---------- Material for this exercise ----------
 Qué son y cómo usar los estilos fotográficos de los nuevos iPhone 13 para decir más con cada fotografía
----------
---------- Material for this exercise ----------
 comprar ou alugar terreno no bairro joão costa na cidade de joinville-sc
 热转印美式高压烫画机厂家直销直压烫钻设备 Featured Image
----------
---------- Material for this exercise ----------
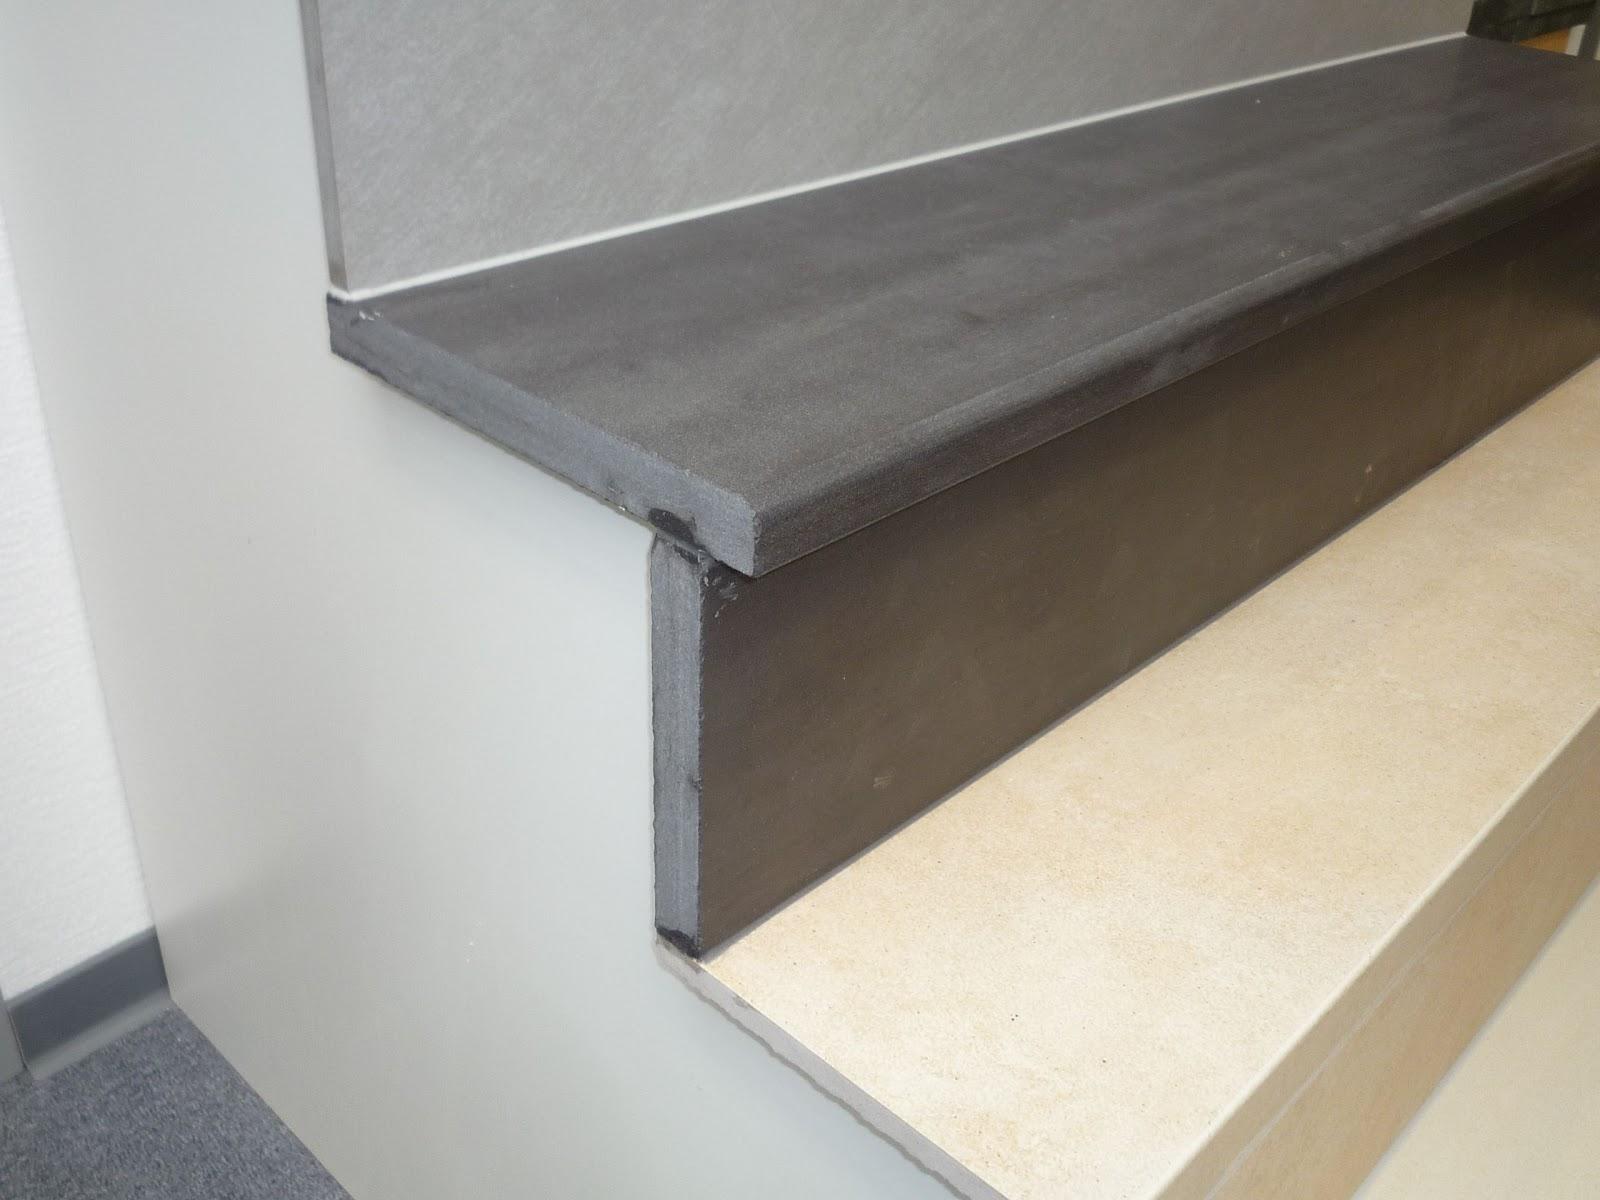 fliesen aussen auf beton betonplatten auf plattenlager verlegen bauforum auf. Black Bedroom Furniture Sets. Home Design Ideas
----------
Using the entries above, extract exactly the span from the line with "comprar ou alugar" to the line with "热转印美式高压烫画机厂家直销直压烫钻设备 Featured Image", both lines included; leave out everything else.

Solution to the problem.
 comprar ou alugar terreno no bairro joão costa na cidade de joinville-sc
 热转印美式高压烫画机厂家直销直压烫钻设备 Featured Image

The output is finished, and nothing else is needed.